Eating fresh, well ripen, juicy and tasty organically grown tomatoes free of pesticide and herbicide has its own distinctive health benefits, especially for children. Moreover, planting and growing your own organic tomatoes is not that hard!
Selecting your Plants
Tomatoes plants are either determinate or indeterminate. Determinate tomatoes flower and set all their fruit within a relatively short period of time as opposed to the indeterminate tomatoes which grow, flower, and set fruit over a long period. Choose a determinate variety if you want a large crop for canning or an indeterminate variety if you like to eat your tomatoes fresh.
The easiest way is to buy tomatoes plants from a nursery and transplant them into your garden. Alternately you can nurse you own tomatoes plants.
Where and When to Plant?
Choose a sunny spot to place the plants and, to prevent certain diseases, do not plant tomatoes in the same spot for more than three years in a row.
Tomatoes like warm soil and do not tolerate frost. Plant tomatoes when the there is no more risk of frost and soil temperatures reach above 15 °C or 60 °F.
How to Prepare the Soil?
Tomatoes develop best in loose, rich, well-drained soil, so make sure to work lots of compost into your beds before planting. Prepare the garden bed by adding and mixing about 1” to 1 ½ “ of compost to the existing garden soil. If the soil has lots of sand and clay, consider to purchase some gardening soil in addition to compost. A good planting bed should have around 1 foot in depth, and I do not recommend planting beds with less than 9”.
How to Plant and Space?
Plant the tomatoes deeply and press the soil down gently. The lowest set of leaves should be at soil level, but burying the lowest leaves will not cause any issue.
For best results, leave about 1 to 2 feet between the plants, and space your rows 2 feet apart. Should you have a small vegetable garden, you can reduce spacing at 1 to 1 1/2 if you offset the plants.
When and How Much to Water?
Once planted water well all the tomatoes plants. Tomatoes love moderate moisture, so never let your tomatoes beds dry out. To prevent diseases, water early in the morning at the bottom of the vines and, once the tomato plants are established, apply about 2 inches or 5 cm of mulch such as straw, grass clippings or composted leaves.

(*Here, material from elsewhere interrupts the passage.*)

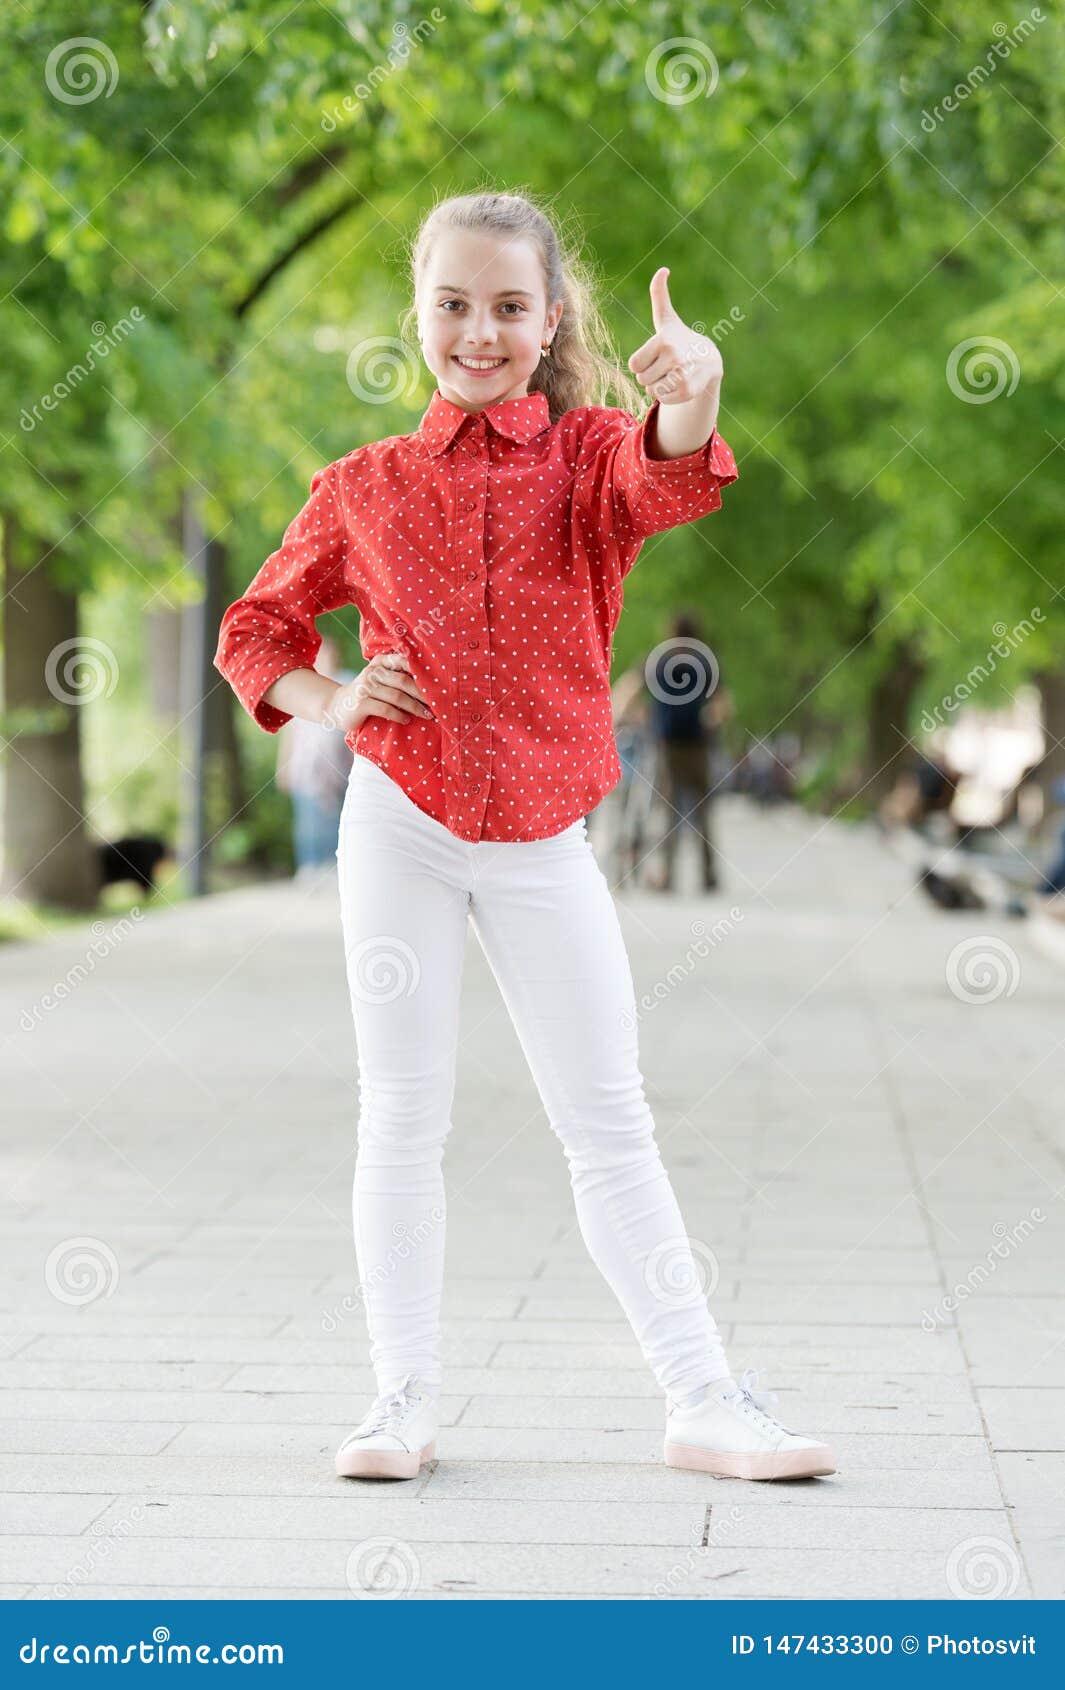 Weinig kind geniet van gang in park Weekendgang Meisjes onbezorgd kind Jong geitje die zonnige dag lopen De vakantie van de zomer

When to Support the Plants?
In general when the plants are about 1 foot or 30 cm you should use tomato cages or stakes to support the vines. Alternately you can train them on cotton twine.
When to Fertilize?
Add enough compost when you prepare the soil and you should not need to add any more fertilizer.
When to Harvest?
Pick tomatoes when they begin to change from orange to red and let them finish ripening at room temperature out of direct sunlight. For yellow varieties pick the tomatoes just before they begin to turn yellow.
How to Store Tomatoes?
Should your garden yield more tomatoes than you can consume, store them in a cool and dry place but not in refrigerator. Storing tomatoes in refrigerator will cause them to lose flavor and texture.
Eating fresh, well ripen, juicy and tasty organically grown tomatoes free of pesticide and herbicide has its own distinctive health benefits, especially for children. Planting and growing your own organic tomatoes is not that hard!